Salvador Moreno Valencia
Decir Cortázar es decir Literatura con mayúscula; además de integridad en la forma de pensar, dignidad a la hora de vivir, sacrificio, esfuerzo...; es decir Rayuela, es decir Horacio Oliveira, la Maga, Rocamadour…, es decir la “contranovela”, como el mismo Julio la definió para defenderse de lo que la crítica literaria dio en llamar antinovela; hablar de Cortázar es decir “boom latinoamericano”, ya que como bien se sabe, este autor fue uno de los integrantes de aquel fenómeno, entre los que podemos encontrar a Jorge Amado (Brasil); José Donoso (Chile); Gabriel García Márquez (Colombia); Guillermo Cabrera Infante (Cuba); Carlos Fuentes (México); Augusto Roa Bastos (Paraguay) y Mario Vargas Llosa (Perú).
Este año celebraremos los cien años del nacimiento de este escritor de culto, un intelectual nato que supo dar el salto hasta Europa, lugar al que, como tantos otros escritores latinoamericanos, deseaba llegar, en este caso con más facilidades, probablemente que otros, pero no vamos a entrar aquí en valoraciones de este tipo, sino que nos vamos a dedicar a escribir sobre uno de los íconos de la literatura del siglo veinte, un escritor de raza, un hombre a cuyo rostro se asoma una mirada penetrante, profunda, que nos hace pensar que éste fue, posiblemente, de niño, un niño enfermizo y con tendencia a la melancolía: (“mi infancia fue brumosa y con un sentido del tiempo y del espacio diferente al de los demás”), diría el mismo Cortázar sobre su niñez.
Así con esta tendencia a padecer enfermedades, como con su excesivo grado de sensibilidad, y su afición a la tristeza, y haberse convertido en un lector precoz, no en vano a los nueve años se había leído libros de autores como Julio Verne, Víctor Hugo, o Edgar Alan Poe, entre otros; según estos síntomas tan singulares, no es de extrañar que nos haya sorprendido con su obra, siendo uno de los grandes maestros del relato corto, la prosa poética, y creador de una nueva forma de escribir novela saliéndose de los moldes establecidos.
¿Realismo mágico?
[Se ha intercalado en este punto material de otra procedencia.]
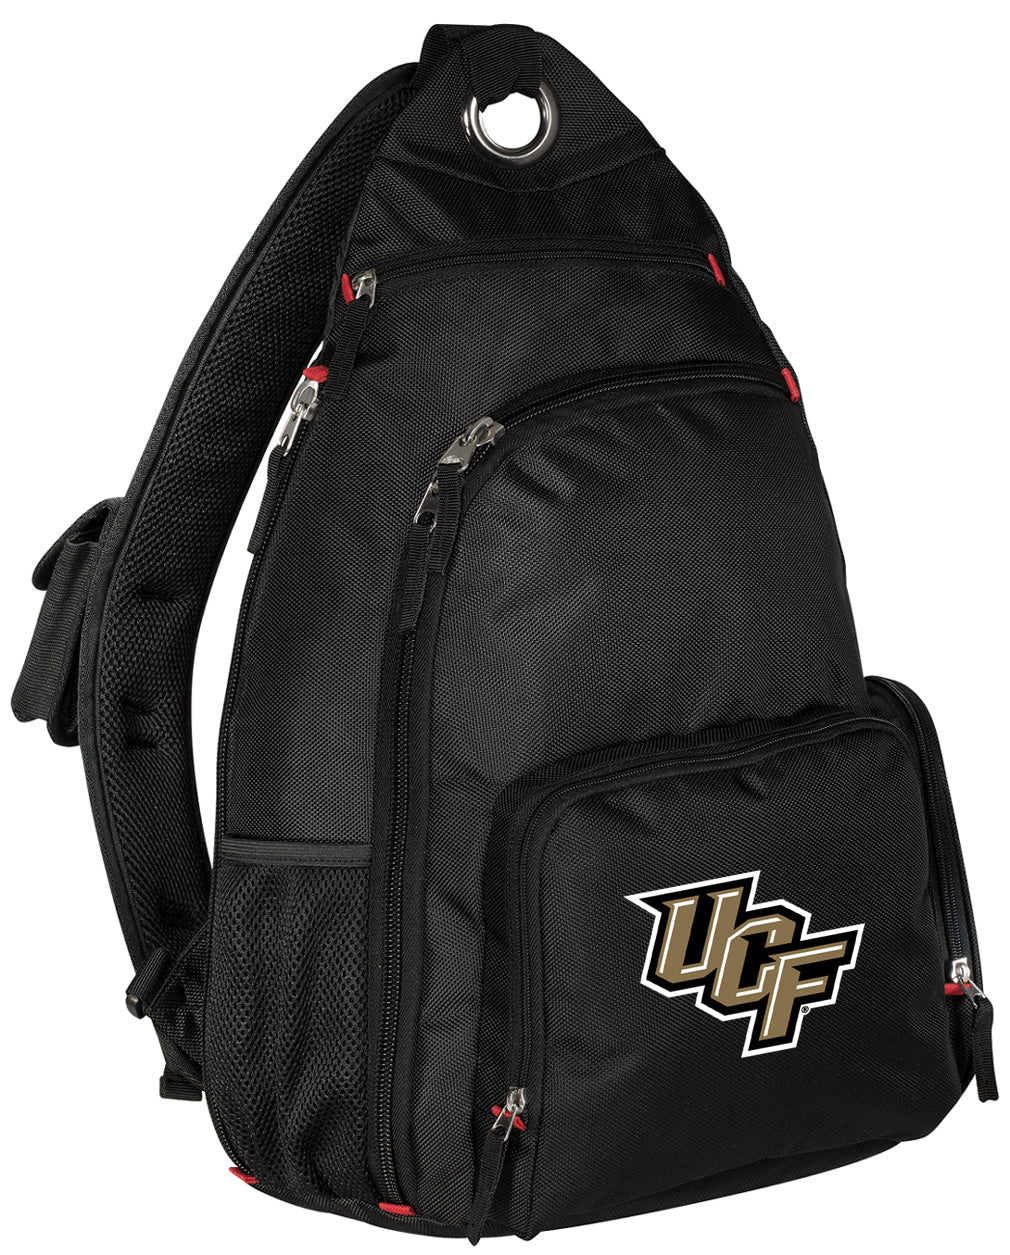 UCF Sling Backpack Central Florida Crossbody Bag
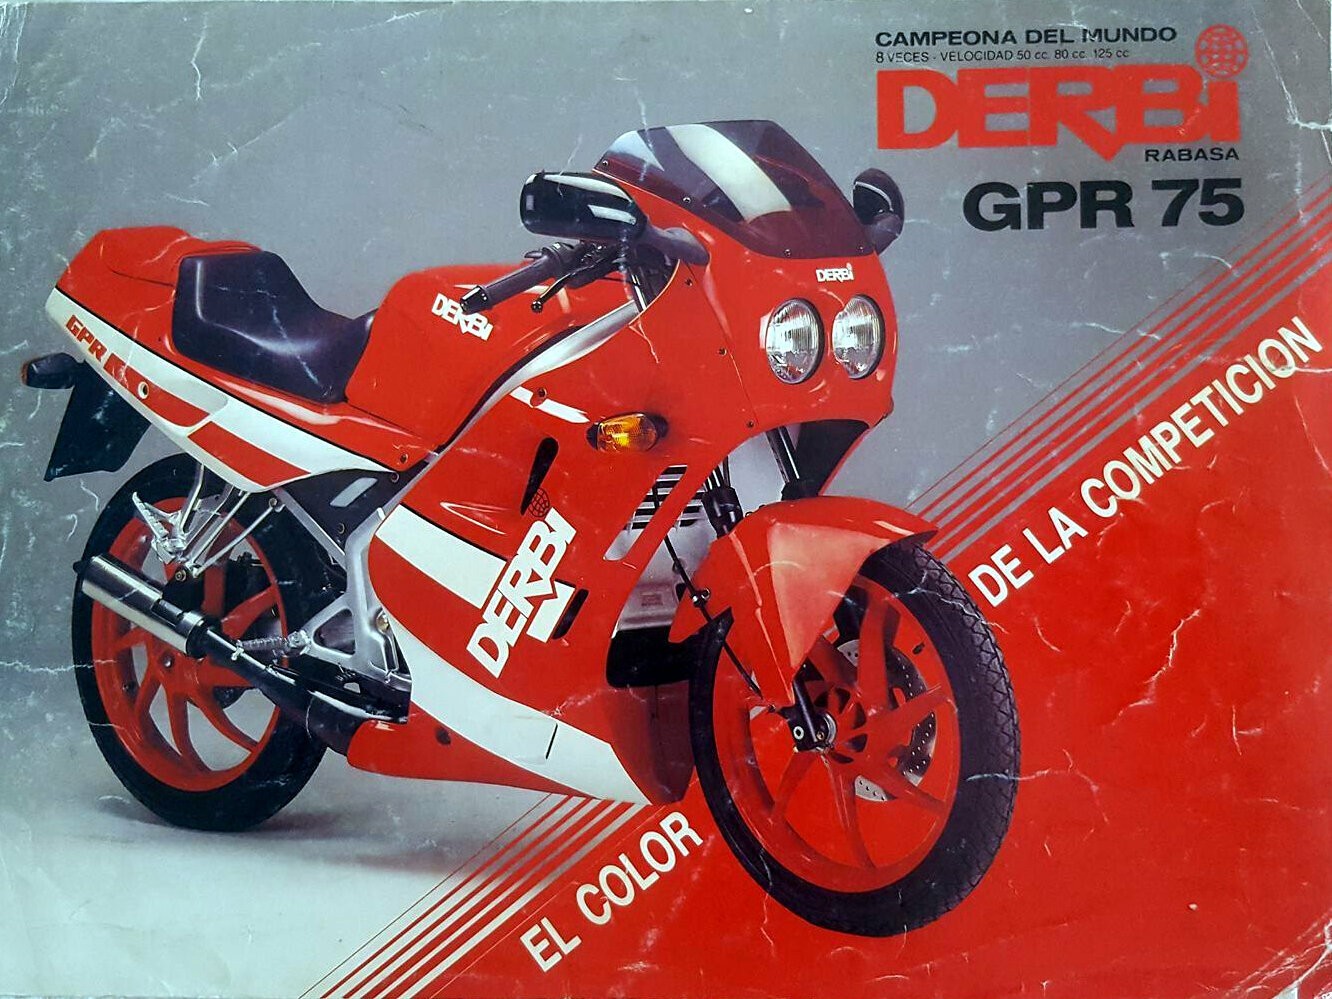 Moto del día: Derbi GPR 75

Incluso se le ha clasificado como surrealista (movimiento del que fuera propulsor el poeta André Breton), en uno u otro estilo, Cortázar nos muestra su fuerza magnética a la hora de escribir sus historias, unas veces autobiográficas y otras no; es un escritor de los que ya (por desgracia para la literatura), no suele haber.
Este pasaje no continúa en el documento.